İşçiler siyasetle uğraşmadan kazanılmış haklarını bile savunamaz!
Fotoğraf: Envato
Dış ve iç politikadaki pek çok gelişmeyi, asgari ücretin açlık ve sefalet ücreti olarak tespit edilmesini, yeni zamları; İdlib, Suriye ve Irak’taki gelişmeleri bir yana bırakıyoruz.
Ama sadece son günlerde yaşanan şu çok önemli gelişmelere bir bakalım:
- ABD, İran’ın en önemli generali Kasım Süleymani’yi yanındaki kişileri SİHA ile vurdu. İran’da Irak’ta büyük infial var. Dünyanın baş gündemi bu suikast oldu. İran ve ABD bölge halkları üstünden birbirine meydan okuyorlar. Bölgede bir savaş çıkar mı, çıkmaz mı tartışılıyor.
- Erdoğan ve Hükümeti Libya’ya asker gönderiyor. Türkiye şimdi de Libya iç savaşına sokulmak isteniyor. Erdoğan ve “tek adam yönetiminin bekası” yeniden “Türkiye’nin bekası” olarak dayatılıyor. Türkiye Libya bataklığına sürükleniyor.
- Erdoğan “çılgın projesi” Kanal İstanbul’u yeniden gündeme getirdi; siyaset, medya bu tartışmayla yatıp kalktı, hâlâ da gündemde. İstanbul halkı ayakta. Şehircilik, rant, çevre sorunları tartışılıyor.
Siyasi partiler, demokrat ve aydın çevreler, medya organları, dernekler, birer birer vatandaşlar, kendi ilgi alanları içinde de olsa görüşlerini ortaya koymak için çaba harcıyorlar. Ama sendikalar, sanki bu ülkede, hatta bu dünyada yaşamıyorlar gibi duygusuz bir soğukkanlılıkla sessizliklerini koruyorlar.
Evet, şimdi bazı okurlarımızın, “Bunlar sessizliklerini bozarsa zaten emperyalist ve gerici odağın peşine takmaya çalışırlar. Bırakalım sessiz kalsınlar” dediklerini duyar gibiyim, ama burada sorun elbette onlara, “Seslerini çıkarsınlar da ne yaparlarsa yapsınlar” demek değildir. Tersine sendikacıların ve sendikaların işçi sınıfının tarihsel misyonu doğrultusunda sömürüsüz, sınıfsız, savaşsız bir dünya mücadelesinin gerektirdiği tutumu almalarını istemektir. İşçi sınıfının ülkenin nasıl yönetildiğine, dolayısıyla hükümetin iç ve dış politikası ile ekonomi politikalarına işçi sınıfının talepleri doğrultusunda müdahale etmek, sınıfın iktidarı için mücadele etmektir. Yani işçi sınıfının dünya görüşünün gereği olarak dünyadaki gelişmeler karşısında tavır alırken sınıf partisinin çağrıları doğrultusunda siyasi mücadeleye girmektir.

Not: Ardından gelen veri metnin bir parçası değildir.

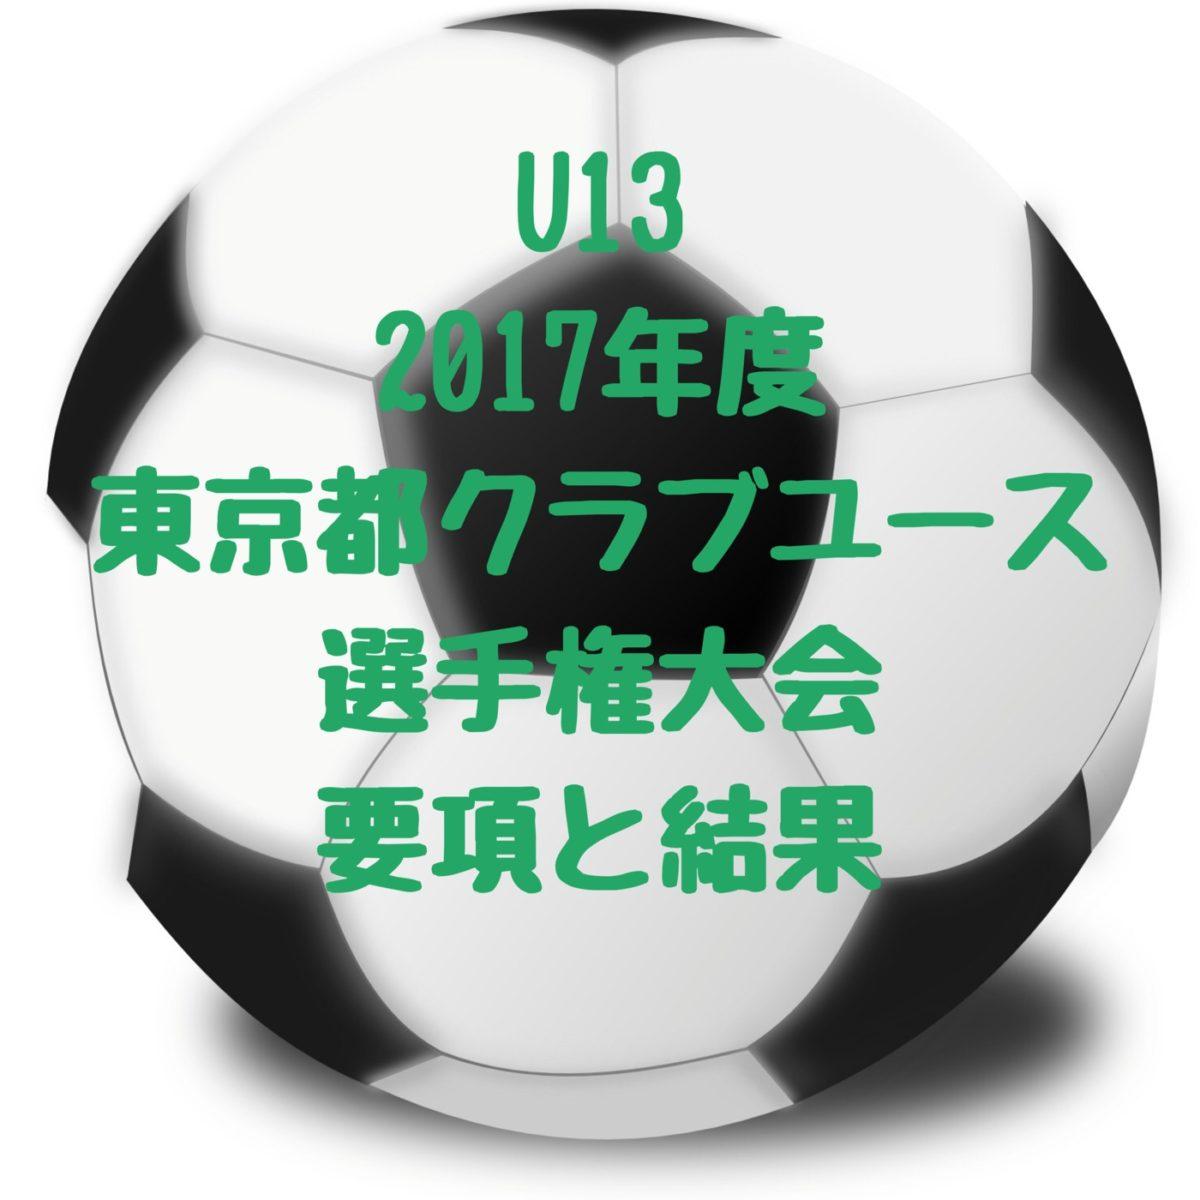 関東 リーグ u13

Ama bunun bugün özgün biçimi; yukarıda sıraladığımız üç önemli gelişme karşısında işçi sınıfının tutumu;
1) ABD başta olmak üzere bütün emperyalist güçlerin bölgeden çekilmesi, bölge ülkelerindeki gericiliklerin şoven milliyetçi, dinci-mezhepçi kışkırtmalarına karşı, bölgede barışın sağlanması için, emperyalist güçlerin bölgeye müdahalesine ve halklara rejim dayatmalarına karşı çıkmak,
2) Libya’ya asker gönderilmesine kesinlikle karşı çıkarak; Türkiye’nin güvenliğinin, Suriye ya da Libya’dan değil Türkiye’nin sınırlarından başladığını kabul eden bir ulusal güvenlik çizgisine çekilmesi, yeni Osmanlıcı yayılmacı politikalardan vazgeçilmesi için mücadele etmek,
3) Bilim karşıtı gerekçelere dayandırılan, çevre düşmanı, bir avuç zengini daha zengin edecek, şehircilik ilkelerine taban tabana zıt olduğu gibi, Türkiye ve Karadeniz’e kıyısı olan komşu ülkeler arasında sorunlar yaratacak, ABD ve NATO’nun Montrö’nün değiştirilmesi için dayanak gösterebileceği gelişmeleri tetikleyecek Kanal İstanbul projesinin karşısında olmak olacaktır.
Bazı sendikalar bu konularda kısmi de olsa açıklamalar yapıyorlar. Ama burada, bu konular etrafında sınıf içinde tartışmalar açılması, tartışmaların teşvik edilmesi, bu konularda yapılan toplantılara işçilerin mümkün olduğu kadar geniş biçimde katılmasının sağlanması, yerel platformların bu doğrultudaki girişimlerinin desteklenmesi önemli olacaktır.
Yaşadıklarımız açıkça gösteriyor ki, işçi sınıfının siyasi gelişmeler karşısında tavır koymadan, kendi iktidar mücadelesini sürdürmeyeceği apaçıktır. Ama bugün işçilerin siyasetle uğraşmadan, siyasi gelişmeler karşısında ortak bir sınıf tavrı almadan kazanılmış hakların savunmayacağı gibi, ücret mücadelesinde bile başarılı olması beklenemez.
Hele de iktidarların sermaye ile bu kadar pervasız biçimde birleştiği bir dönemde!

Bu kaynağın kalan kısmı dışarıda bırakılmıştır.